[proofplan] Let $a_j \in \mathbb{R}^m$ denote the $j$-th column of $A$, and consider the finitely generated cone $K=\{\sum_{j=1}^n x_j a_j : x_j \geq 0\}$. First we prove that $K$ is a closed convex cone, so that if $b\notin K$ we may separate $b$ from $K$ by a hyperplane. The conic nature of $K$ forces the separating functional to be nonnegative on all of $K$, and testing it on the generators $a_j$ gives $A^\top y \geq 0$. Finally, the two alternatives are incompatible by taking the Euclidean [inner product](/page/Inner%20Product) with $y$. [/proofplan]

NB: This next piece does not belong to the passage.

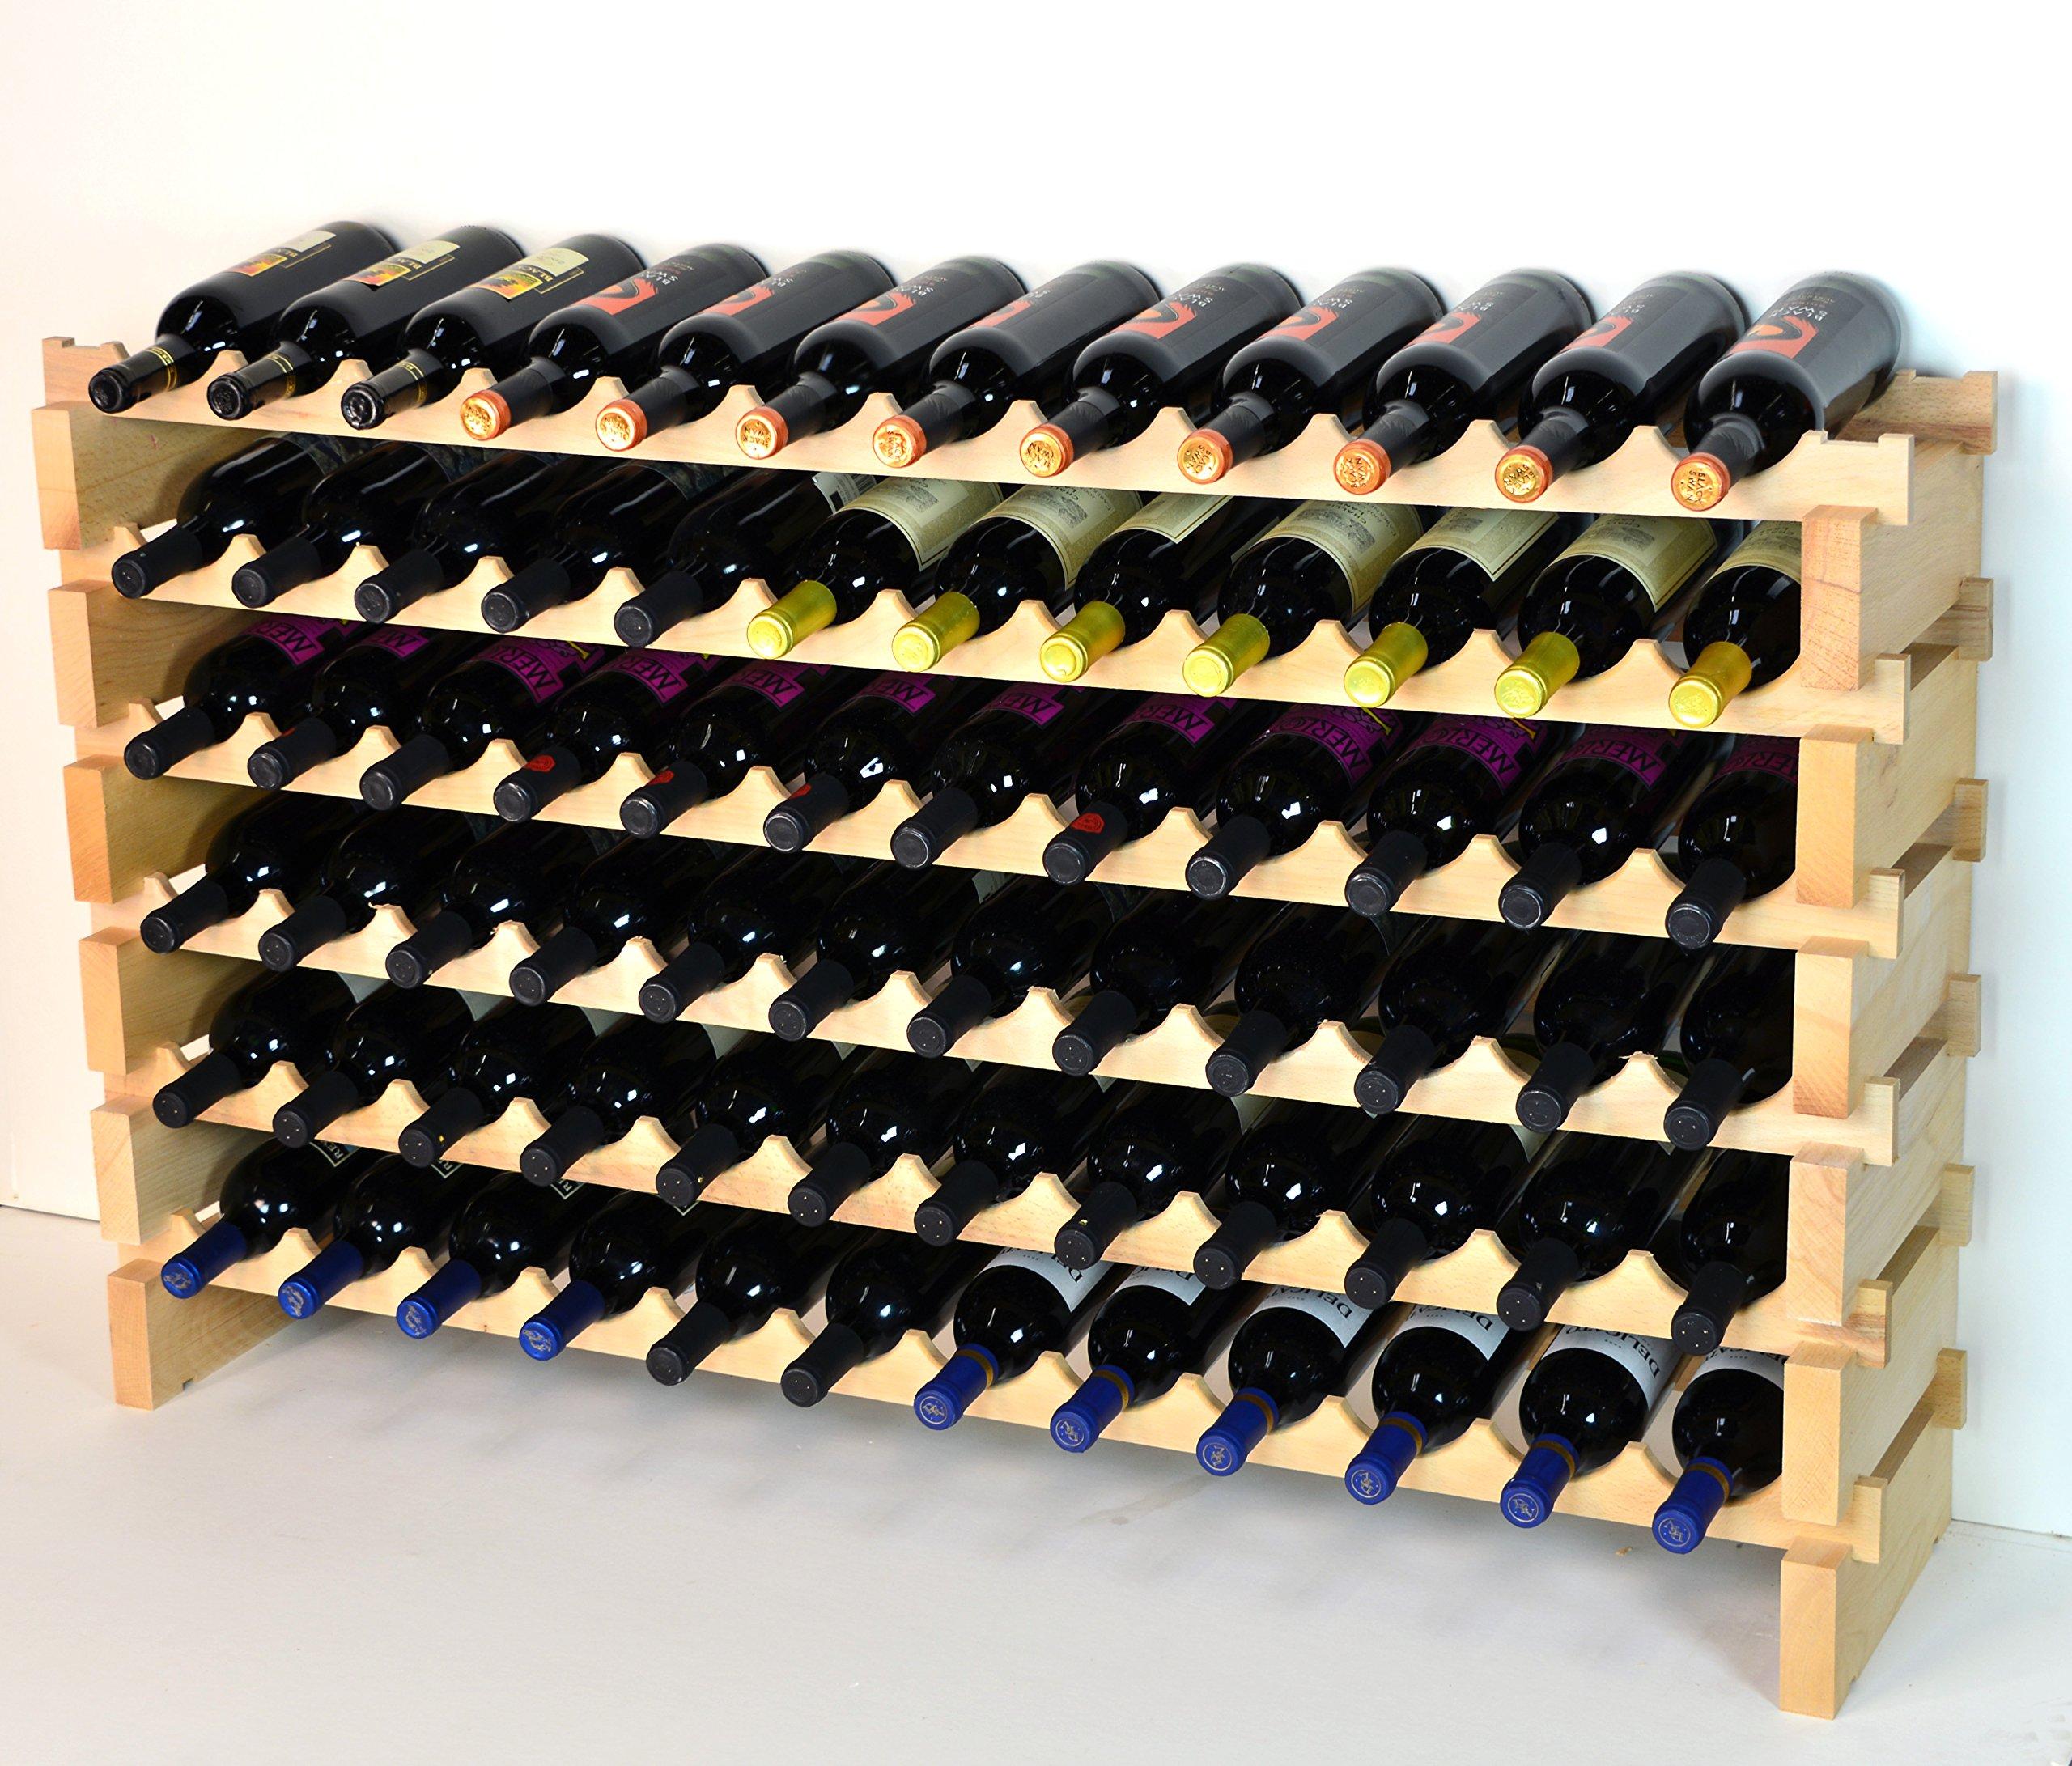 Modular Wine Rack Beachwood 48-144 Bottle Capacity 12 Bottles Across up to 12 Rows Newest Improved Model (72 Bottles - 6 Rows)
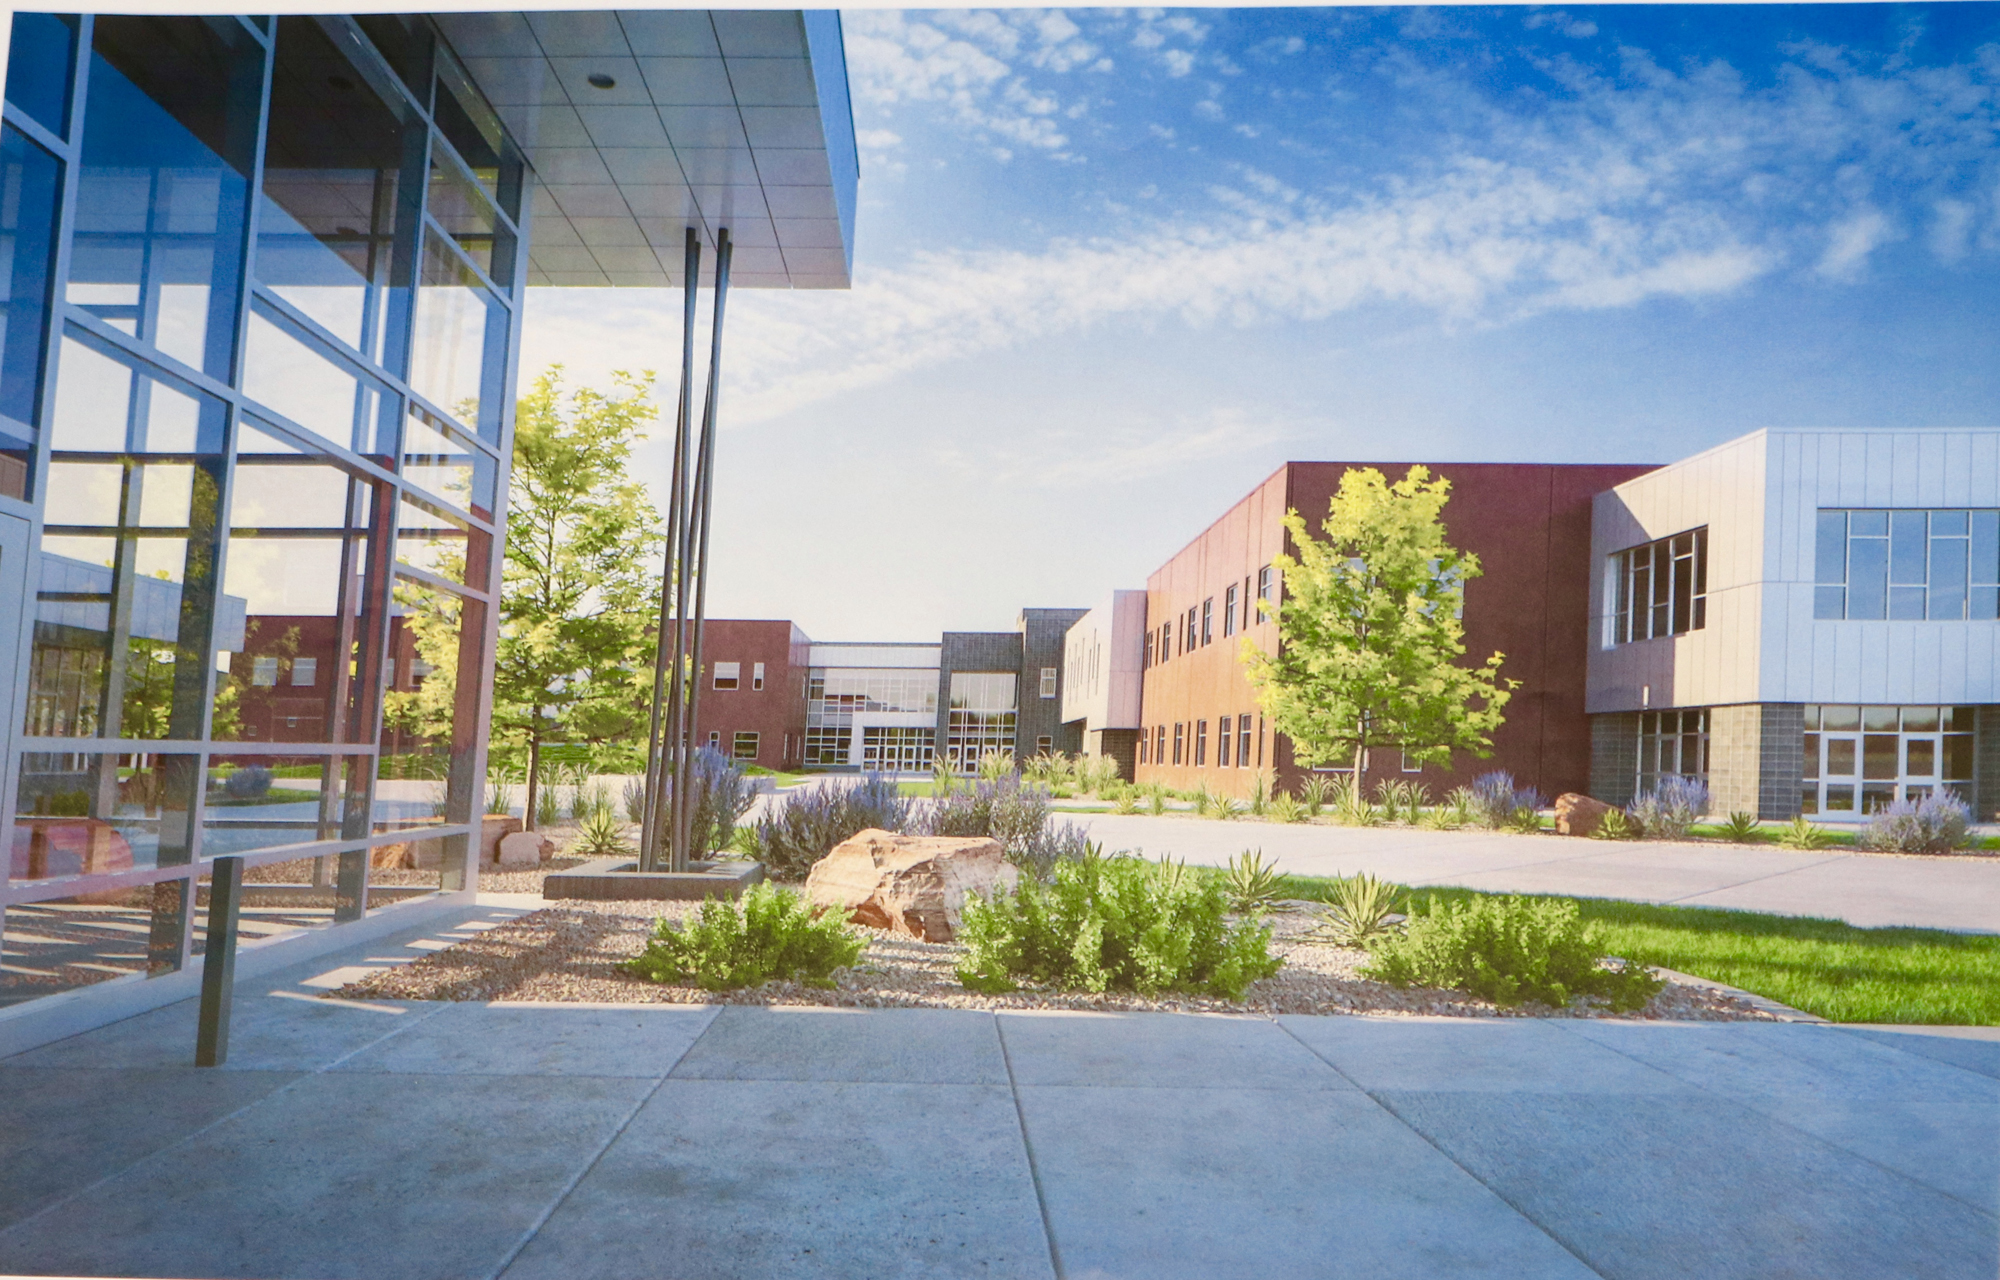 Photo of Judge Memorial Catholic High School - Salt Lake City, UT, United  States

[step:Build the finitely generated cone determined by the columns of $A$] For each $j \in \{1,\dots,n\}$, let $a_j \in \mathbb{R}^m$ denote the $j$-th column of $A$. Define the column cone \begin{align*} K := \left\{\sum_{j=1}^n x_j a_j : x=(x_1,\dots,x_n)\in \mathbb{R}^n \text{ and } x_j \geq 0 \text{ for every } j\right\} \subset \mathbb{R}^m. \end{align*} Equivalently, $K=\{Ax : x \in \mathbb{R}^n,\ x_j\geq 0 \text{ for every } j\}$. Thus the first alternative holds exactly when $b \in K$. The set $K$ is a convex cone. Indeed, if $z=\sum_{j=1}^n x_j a_j$ and $w=\sum_{j=1}^n u_j a_j$ with $x_j,u_j\geq 0$, then for $\lambda,\mu\geq 0$, \begin{align*} \lambda z+\mu w=\sum_{j=1}^n (\lambda x_j+\mu u_j)a_j, \end{align*} and each coefficient $\lambda x_j+\mu u_j$ is nonnegative. [/step]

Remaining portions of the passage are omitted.